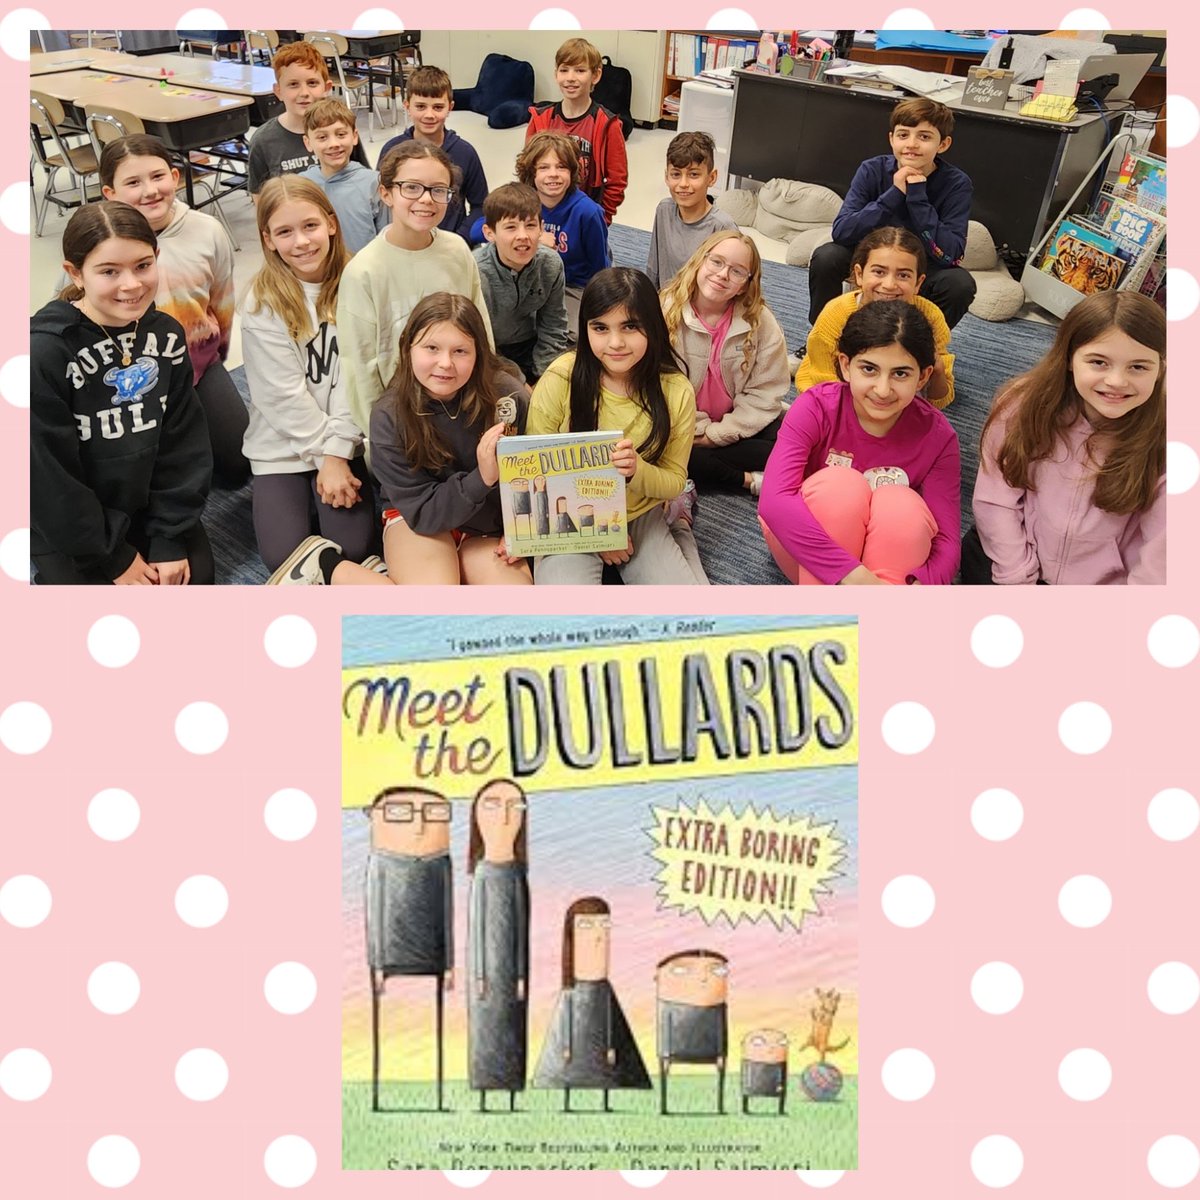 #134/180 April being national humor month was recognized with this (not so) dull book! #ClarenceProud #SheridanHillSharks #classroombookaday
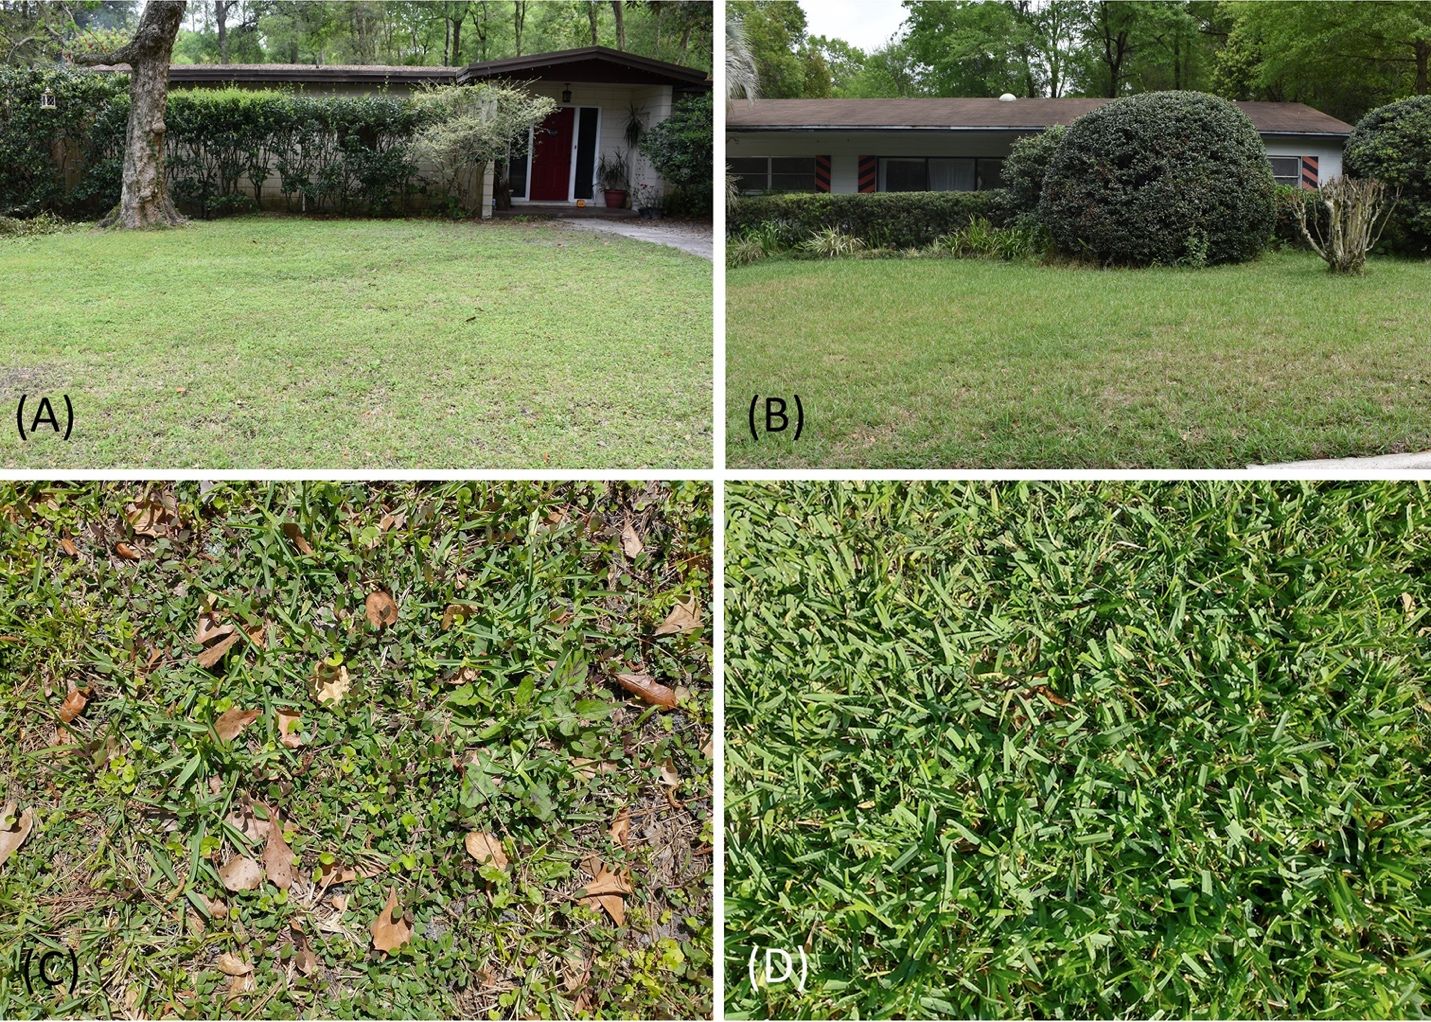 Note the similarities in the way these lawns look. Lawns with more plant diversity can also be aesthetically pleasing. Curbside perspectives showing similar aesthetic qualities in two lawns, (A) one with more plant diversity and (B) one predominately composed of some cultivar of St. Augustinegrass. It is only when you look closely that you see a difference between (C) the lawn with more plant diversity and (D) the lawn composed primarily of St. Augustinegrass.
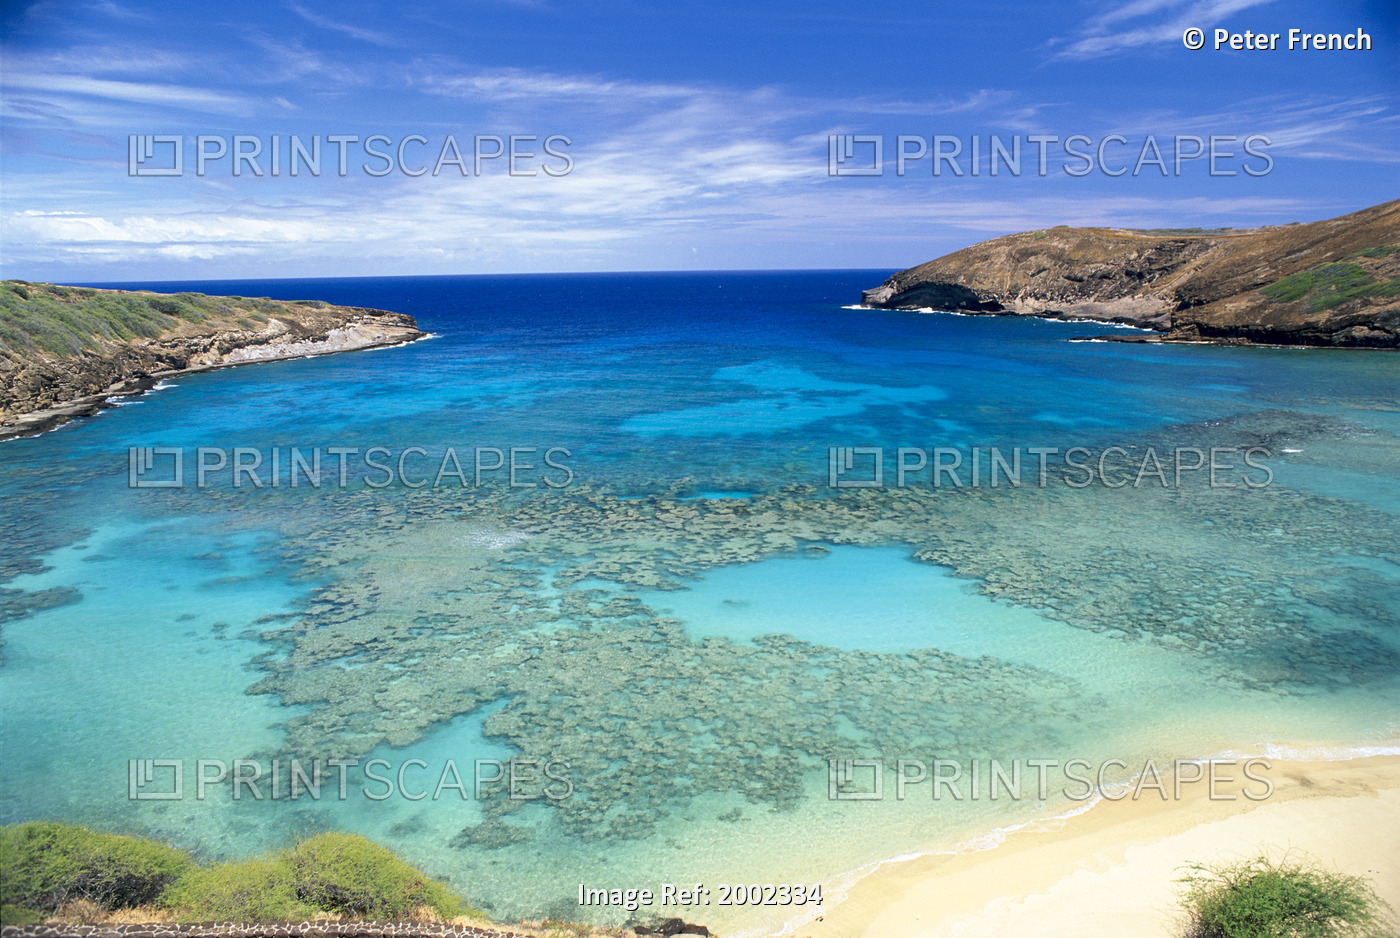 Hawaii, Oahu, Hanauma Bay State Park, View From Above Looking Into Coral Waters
::::::::::
→ **TASK GOAL**: Write out the listing above exactly as it stands, pictures excluded.

→ **EXERCISE ANSWER**:
 #134/180 April being national humor month was recognized with this (not so) dull book! #ClarenceProud #SheridanHillSharks #classroombookaday
 Note the similarities in the way these lawns look. Lawns with more plant diversity can also be aesthetically pleasing. Curbside perspectives showing similar aesthetic qualities in two lawns, (A) one with more plant diversity and (B) one predominately composed of some cultivar of St. Augustinegrass. It is only when you look closely that you see a difference between (C) the lawn with more plant diversity and (D) the lawn composed primarily of St. Augustinegrass.
 Hawaii, Oahu, Hanauma Bay State Park, View From Above Looking Into Coral Waters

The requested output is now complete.